Игрейна чувствовала, как между ее бедер струится кровь. Она так и не смогла встать на ноги и ползком добралась до Моргаузы, нагая и дрожащая, вся покрытая синяками. Она осторожно взяла дочь на руки и, всхлипывая, прижала к груди, стараясь закрыть со всех сторон.
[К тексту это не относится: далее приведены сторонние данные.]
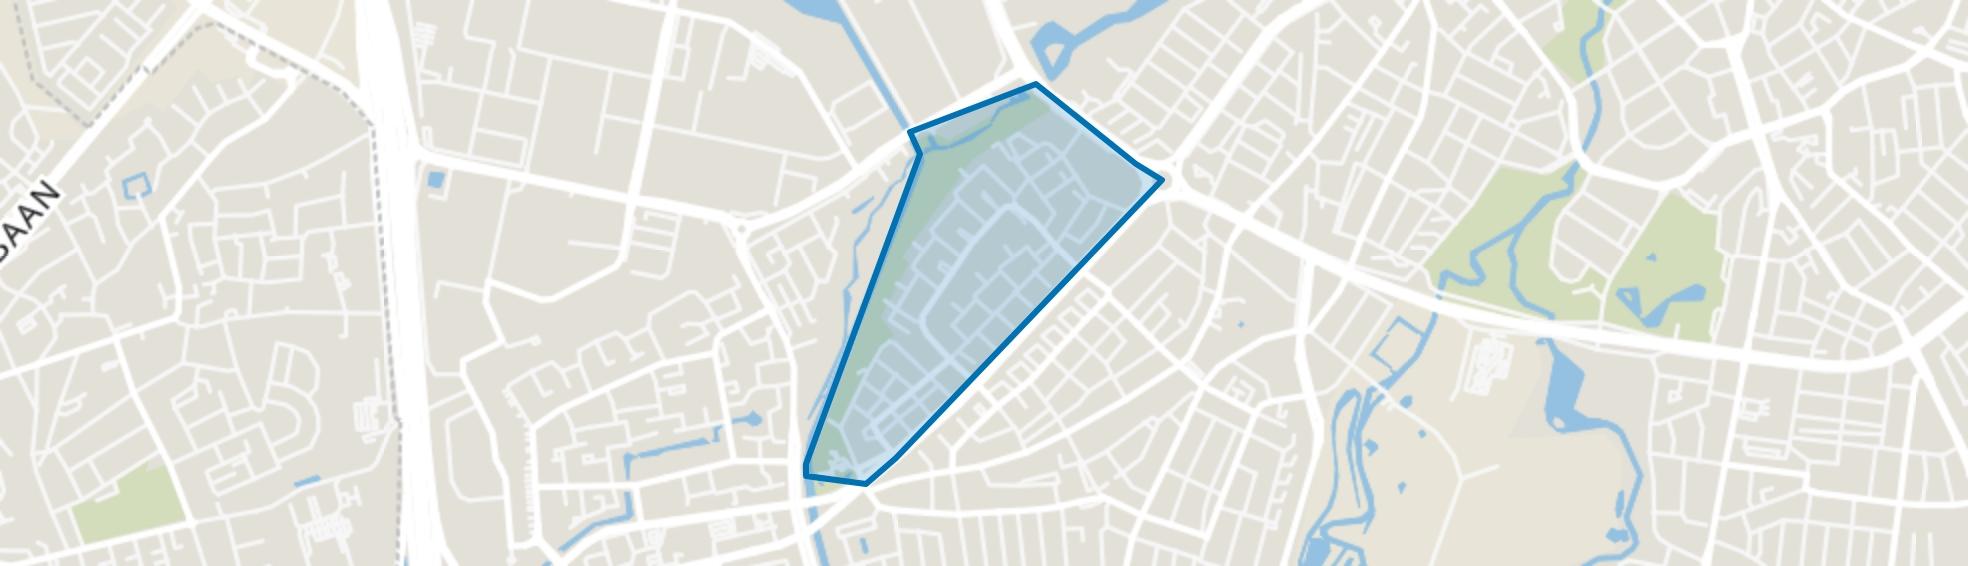 Genderdal, Eindhoven map

По крайней мере, Моргауза жива.
Стена куртины была покрыта инеем, и от этого темные камни в бледном свете луны поблескивали, словно серебро. Весь день стоял ледяной холод, еще усиливавшийся от сырого морского ветра, который поднимал снежные вихри и пригоршнями швырял их в лицо. С наступлением ночи похолодало еще сильнее. На дорогах выросли сугробы, прибрежные скалы покрылись изморозью от снега и морских брызг, а лужицы воды, оставшиеся на песке после отлива, покрылись коркой льда.
Туманная аура, окутавшая высокую надменную громаду крепости, придавала ей вид спящего дракона. Прижавшись спиной к стене, Лилиан всматривался в головокружительную высоту нависавших каменных пиков, таких высоких и темных, что даже его эльфийские глаза с трудом различали границу между ними и небом. Другие эльфы, стоя рядом с ним, обменивались беспокойными взглядами.